By Nate Jackson Reverend Angela Ying, a 99%er, stood up in the middle of the Amazon Shareholder meeting and asked the billionaire CEO Jeff Bezos point blank, “Why are you still supporting the American Legislative Exchange Council (ALEC)?” Bezos passed the question to an Amazon lawyer, Michelle Wilson. Wilson in as many words told us that the giant online retailer is dropping their support of ALEC.
“This year, we've decided not to renew with ALEC, and it's because of positions they've taken not related to our business,” said Wilson.
Positions not related to their business? The real reason Amazon is dropping ALEC is because of the consistent public pressure from the 99%. Nationally the 99% has persuaded more than 15 corporations to leave the right wing, extreme organization, Amazon was the 16th.
The message was spread out from inside the shareholder meeting by text and twitter messages and the 99% raised a cheer both outside the shareholder meeting and across the country.
The 99% had been gathering signatures, numbering in the hundreds of thousands, to bring public attention to ALEC’s lobbying for tax loopholes for big corporations, Stand Your Ground legislation, and voter suppression laws.
Amazon under consistent public pressure decided to end their affiliation.
These promises came at the annual shareholder meeting in which CEO Jeff Bezos, looking nervous, answered questions posed by the 99% who just so happened to hold a share of the giant online retailer.
Meanwhile on the outside of the shareholder meeting, under the watchful gaze of the Hammering Man, we gathered hundreds strong to send a message to the executives of Amazon.
Deana Knutsen, a Washington CAN! activist stomped around the stage revving up the crowd.
“We came here to say one thing,” she said shaking her fist. “Amazon you need to pay your fair share!”
Amazon using a combination of tax loopholes had an effective federal income tax rate of 2.6%
“We pay our taxes, we don’t abuse loopholes,” she said. “It’s time for you to do the right thing!”
She led the group in chants getting louder and louder as we all raised our voices.
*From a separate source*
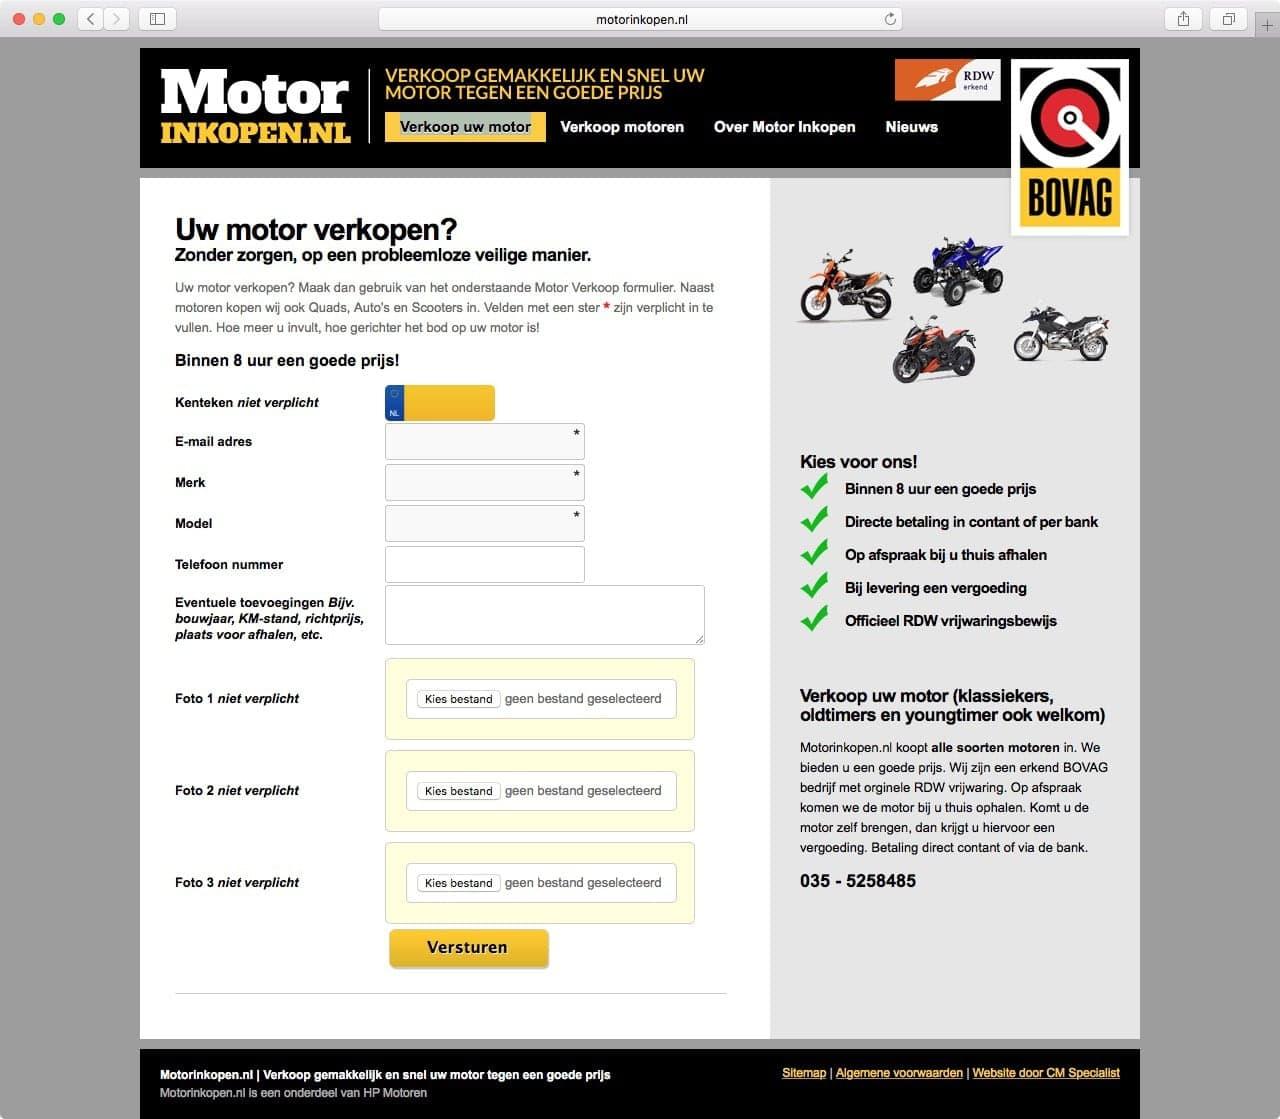 Motorinkopen.nl

Onlookers snapped photos and took video as the bull horns blared out “Pay your fair share! Pay your fair share!”
The crowd was getting bigger by the minute and we displayed signs, held banners and even floated a thought balloon over the Hammering Man’s head. The 16 ton structure representing working people agreed with us, his thought bubble reading “I wish Amazon paid their fair share.”
Maribel Peralez grabbed the microphone and pointed out the glaring differences between the beautiful buildings in South Lake Union and the warehouse conditions the workers faced across the country.
“Hey Jeff Bezos!” she shouted looking over her shoulder to the Art Museum. “You are worth billions of dollars and you pretend you can’t afford to install basic air conditioning in your warehouses? Shame on you!”
We took up the chant and Peralez waited for us to quiet down.
“These warehouses got up to 100 degrees and instead of putting in air conditioning you brought in paramedics?” she asked. “Shame on you!”
We weren’t just outside sending our message, many of us had actually gotten inside the meeting as well. We were shareholders in the truest sense.
Inside the meeting, shareholders were shown a PowerPoint presentation that went over the profits, “tax liabilities” and other business information. The most interesting thing amongst the presentation was a video showing a helicopter dropping in a new air conditioning unit amongst one of Amazon’s warehouses.
An Amazon warehouse in Pennsylvania had reached temperatures in excess of 100 degrees while workers were forced to keep up quotas, even if they were in threat of heat exhaustion.
Amazon having taking hit after hit from public pressure pledged to spend tens of millions installing basic air conditioning in their warehouses.
We wanted to ask more questions about Amazon’s tax dodging, but the shareholder meeting was stopped short. We were cut off and escorted out of the meeting by police who seemed eager to do the bidding of the big corporation. Uncharacteristically Amazon CEO Bezos didn’t even take any questions from reporters. It was a hasty retreat.
The Amazon executives including the CEO heard our message and they had prepared to address our concerns. After all we, the 99%, had been raising these questions on the street, online, and across the country.
We’ve had a huge victory. Amazon dropped ALEC and started taking responsibility towards the basic needs of their warehouse workers, air conditioning is a basic starting point, but they’ve failed to address their tax dodging. Now we just need the biggest online retailer to take another look at its tax responsibilities. It’s time for them to pay their fair share.
Headlines across the country are following the peaceful protests that are making a difference and getting under the skin of the 1%. No longer, if we keep up the pressure, will the 1% get to do whatever they desire without the 99% taking notice of their irresponsible behavior.
The 1% is worried. They are not used to the 99% standing up and demanding justice. Too bad. We’ve gotten the taste for it and we’re still hungry. We’ve had a great appetizer with Amazon dropping ALEC and agreeing to invest in the basic upgrades to their warehouses, but the main course is still ahead.